Now, there is the question of "how do I maintain the advantages of source timestamping for e.g., rates being more accurate, whilst also refreshing values into the TSDB". This can't be achieved by having the timestamp that the server sets be set to be equal to the timestamp it was sent, as this loses the advantage of timestamp accuracy, but neither can it be achieved by rewriting all timestamps at the client to the new value at the receiver. Instead, you need someone that is schema-aware to do this. In the OpenConfig models, we have begun labelling values as on-change in the schema, which allows the server to know what the expected mode is, but also would allow the client to be able to do such selective re-writing.

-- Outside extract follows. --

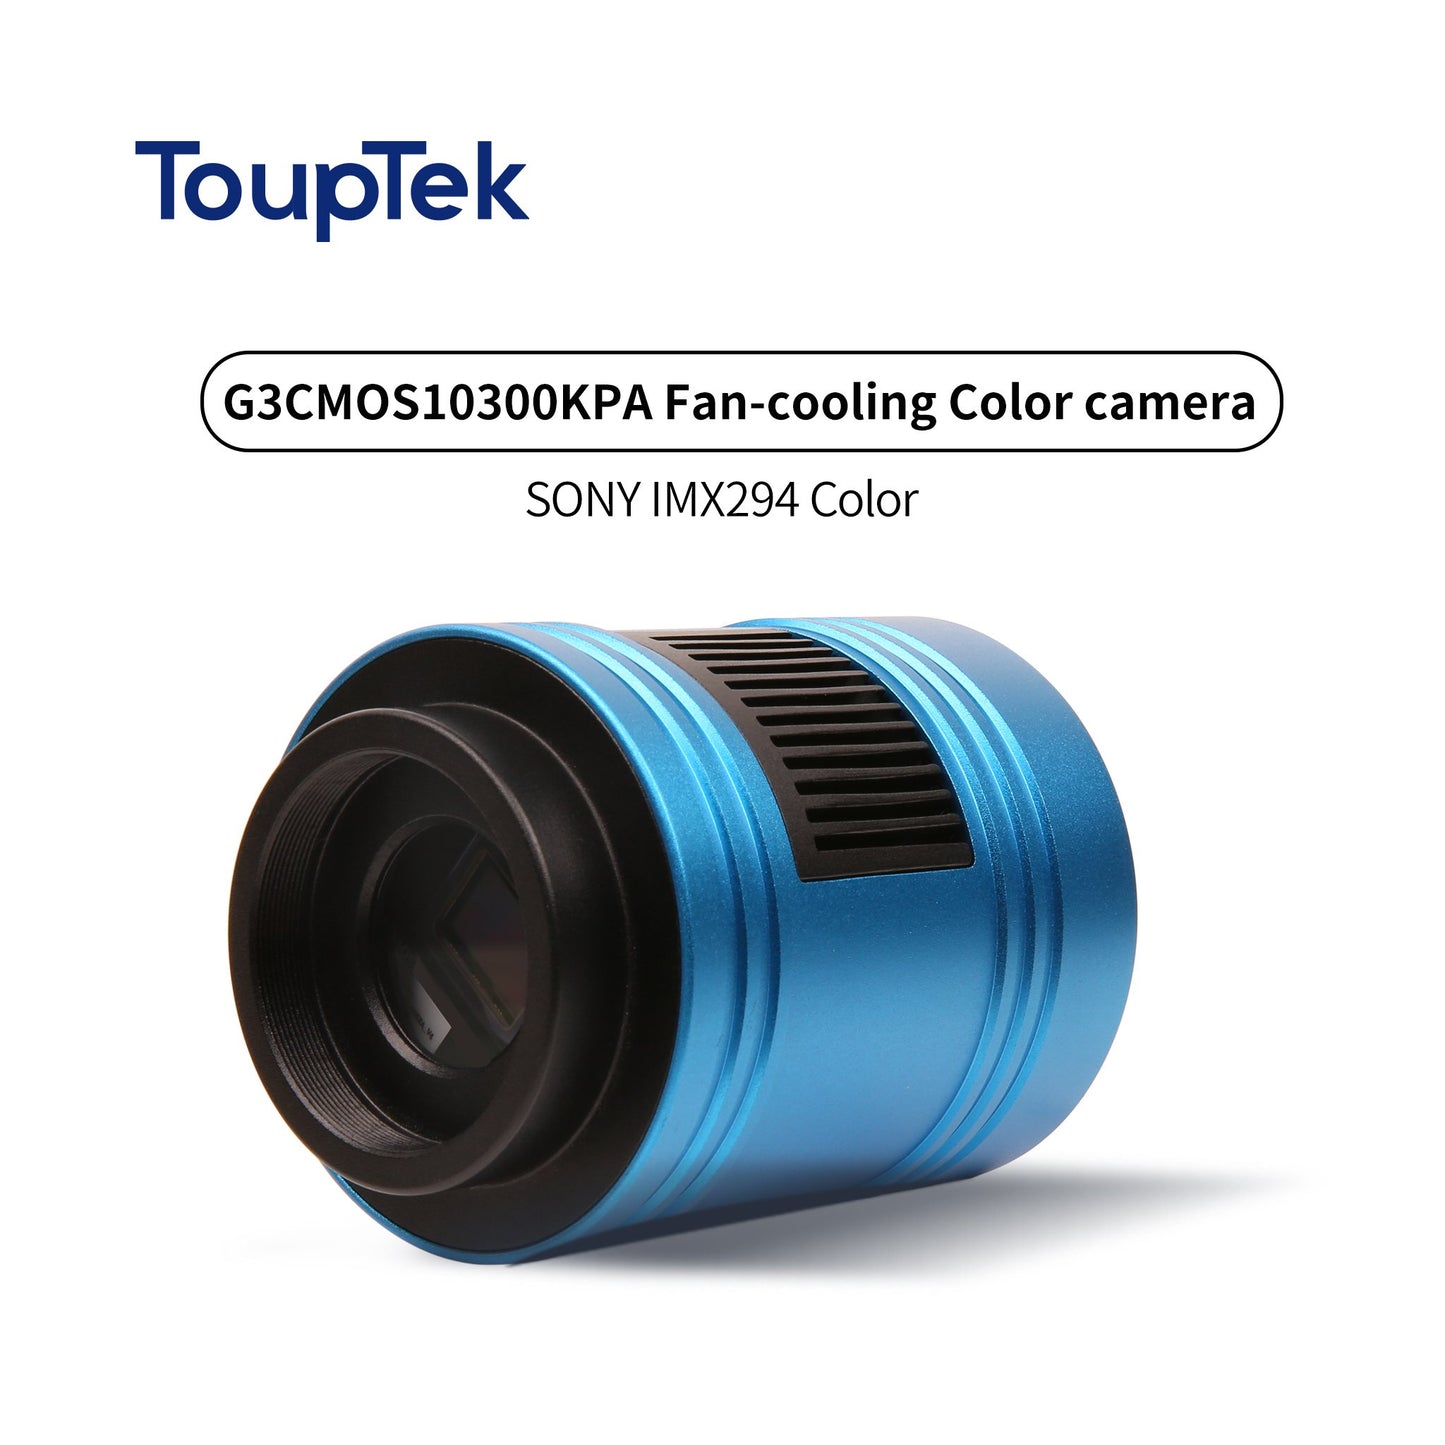 G3CMOS10300KPA IMX294 Fan-cooling Colorful Camera

Another mental rule that I had in my mind was that gNMI Subscribe with sampling was meant to report back to a client a constant stream of updates for a certain Path, regardless if it is event-driven or not.

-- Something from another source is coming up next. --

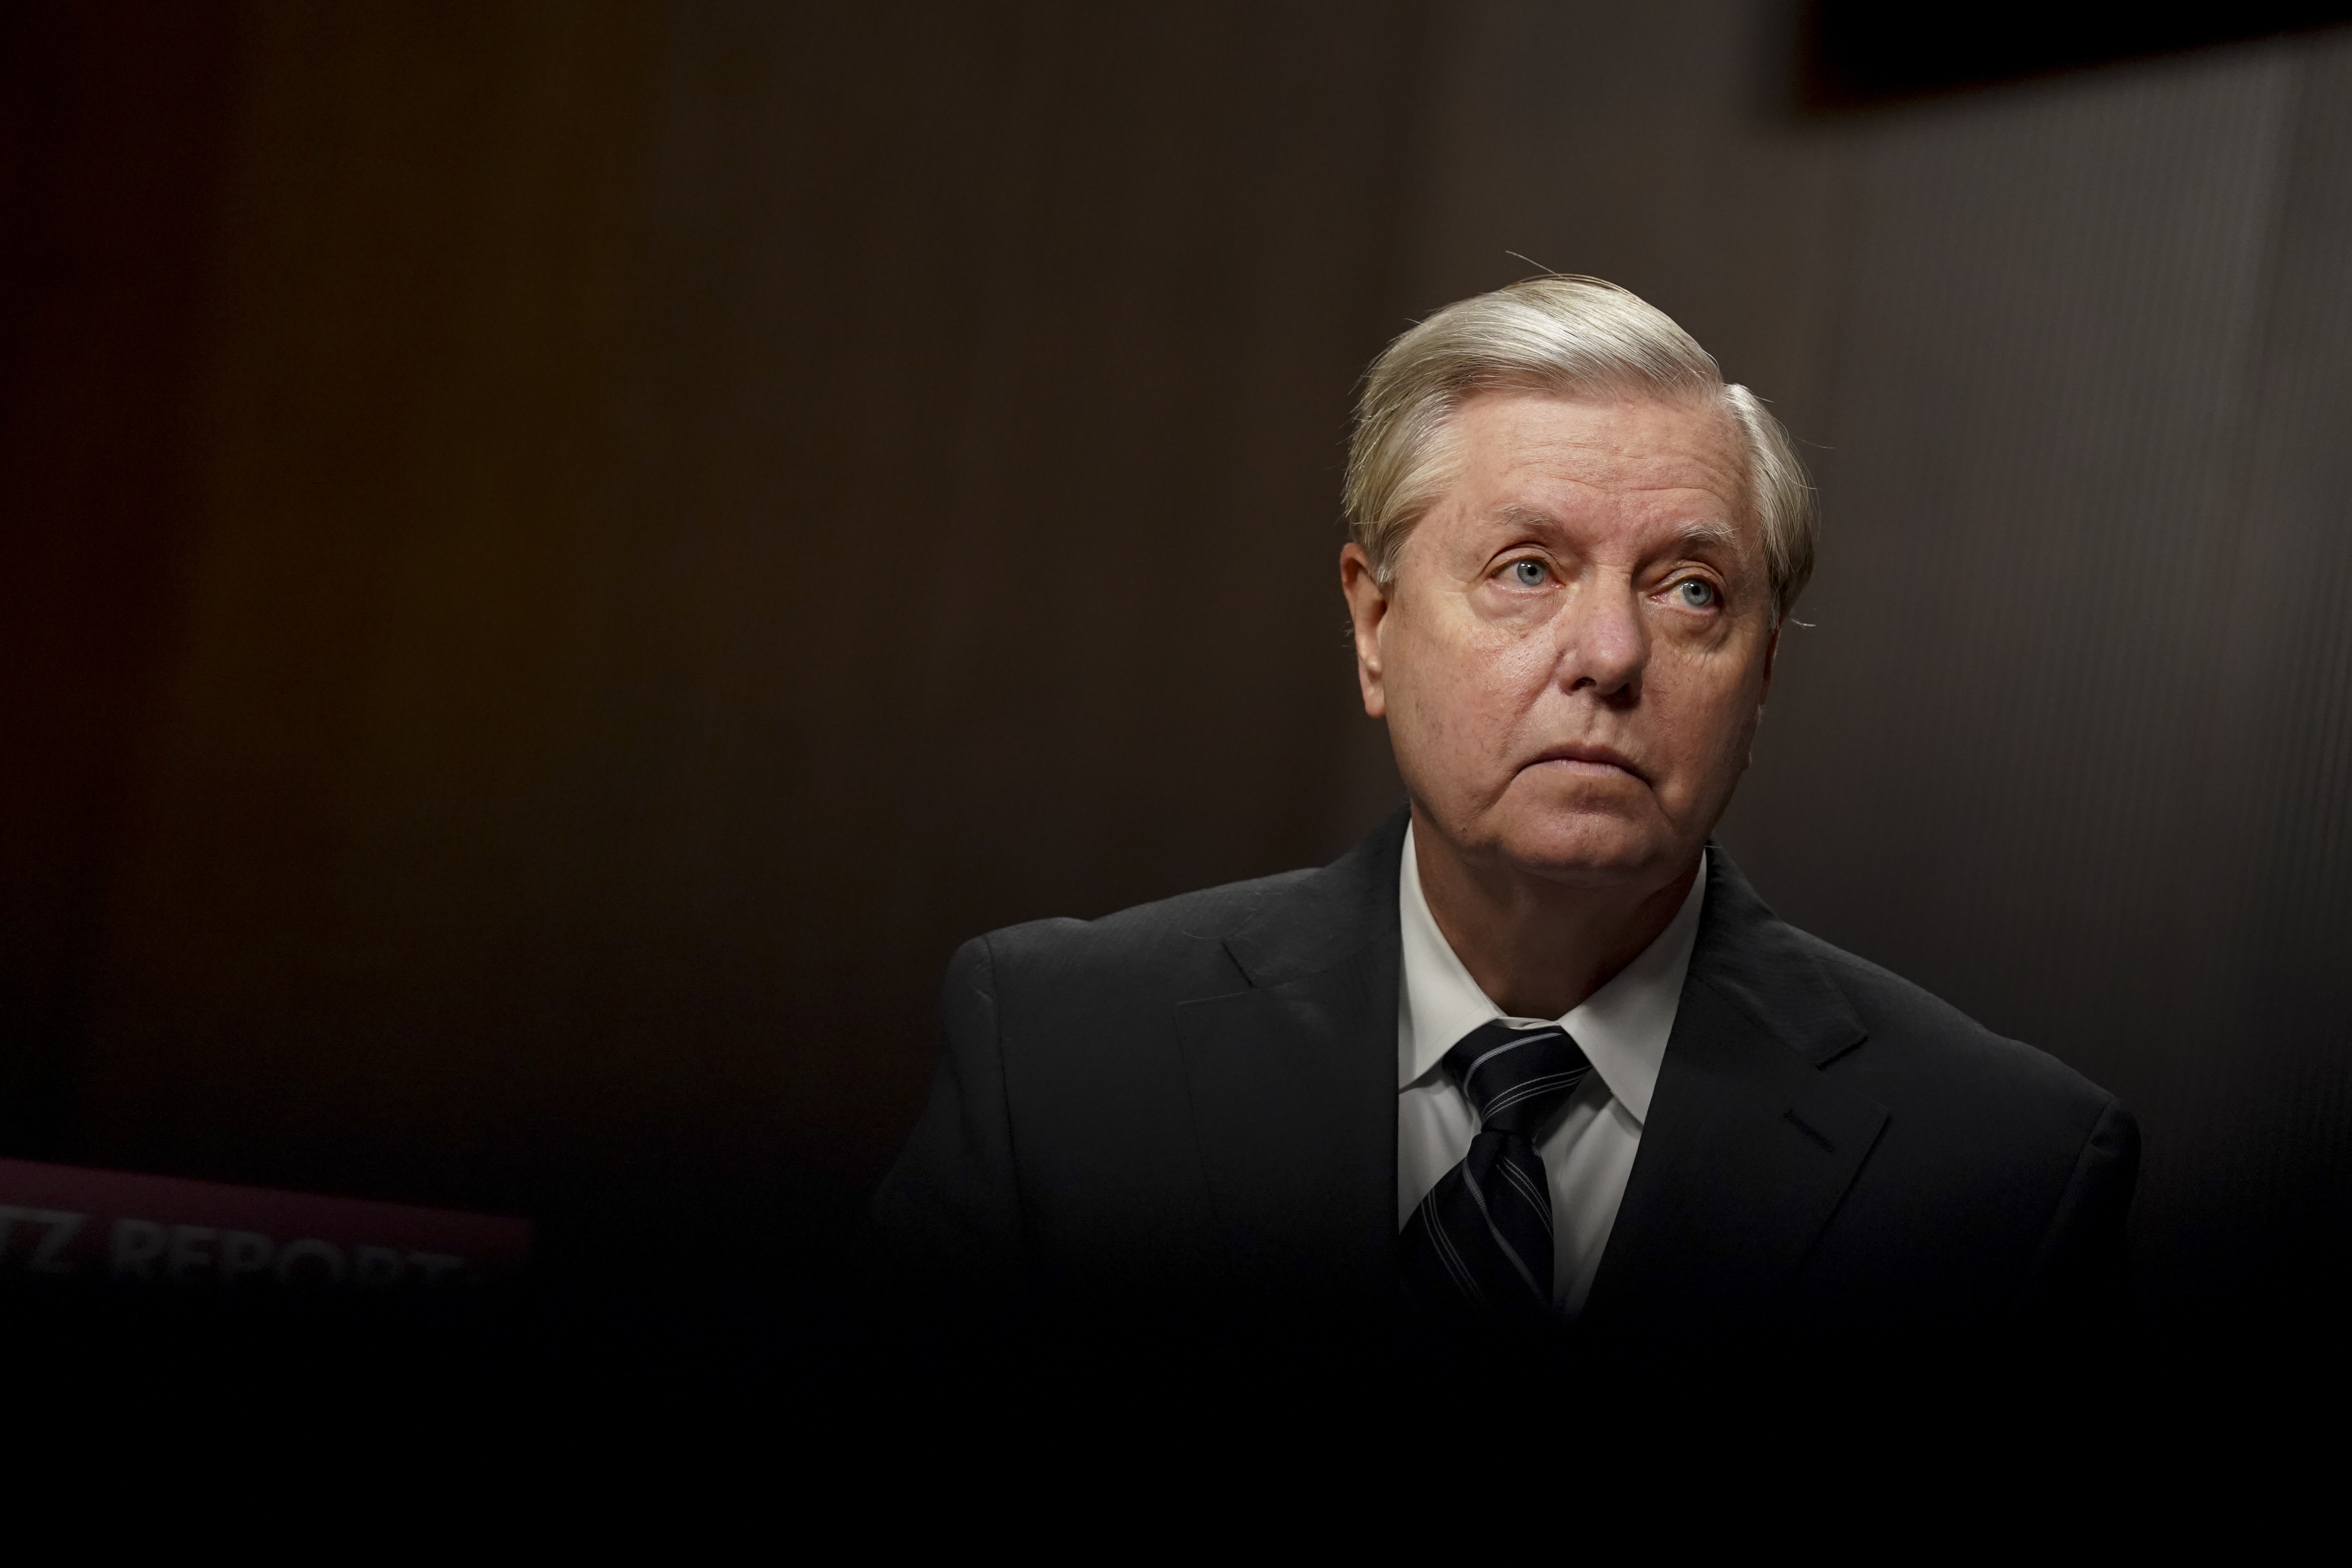 WASHINGTON, DC - SEPTEMBER 30: Chairman of the Senate Judiciary Committee Sen. Lindsey Graham (R-SC), waits to begin a hearing on Wednesday, September 30, 2020 on Capitol Hill in Washington, DC. The committee is exploring the FBI's investigation of the 20 (Foto: Getty Images)

That's correct. The value is reported back, but the timestamp reflects when the event happened, just because we're asking for the value of /interfaces/interface/description doesn't mean that it changed every time.

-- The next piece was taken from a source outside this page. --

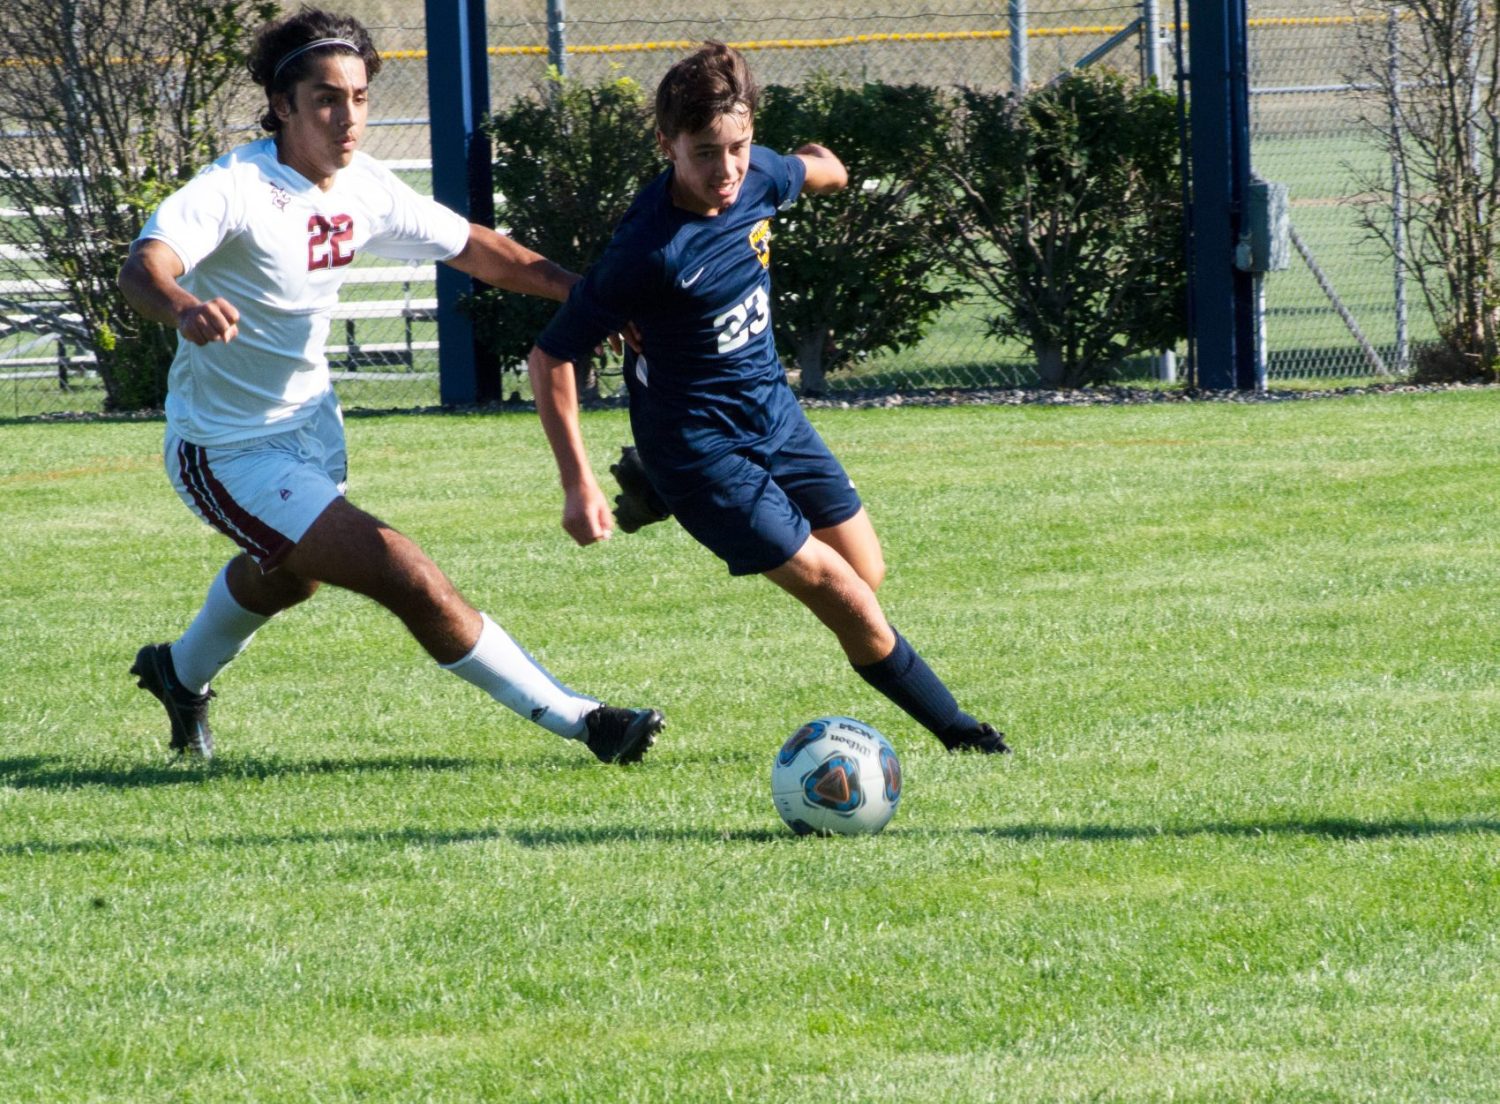 Manistee comes up short in 1-0 season-opening loss to Traverse City St. Francis

I still find this topic unregulated. Moreover, my previous experience with various vendors show that lots of them provide changing timestamps for a sampled subscribtion on a leaf with a rarely-changed vaue. I wish this would be clarified, otherwise there is a lot of flux in how targets report notifications for such leaves, which is likely not the designed intent of a spec?

I think that this makes sense, I do not, however, necessarily feel that this depth is something that we should clarify in the base gNMI specification. I think we likely need an implementation note, or spec addendum that describes this in more detail. Would you be interested in starting a PR with something like this in, I'm happy to collaborate (and I expect @gcsl will have some input too).

Thanks, r.

hellt commented 2 years ago

thanks @robshakir this is a very interesting thread and something that was not at all clear to me when I read gnmi spec

Just to cross the t here, as per your comments this behaviour seems to be incorrect?

1sec sampled subscription is made targeting a leaf oper-state that stays up for the duration of a subscribtion the output indicates that TS is changing within the 1s window, whilist the value is not chaning.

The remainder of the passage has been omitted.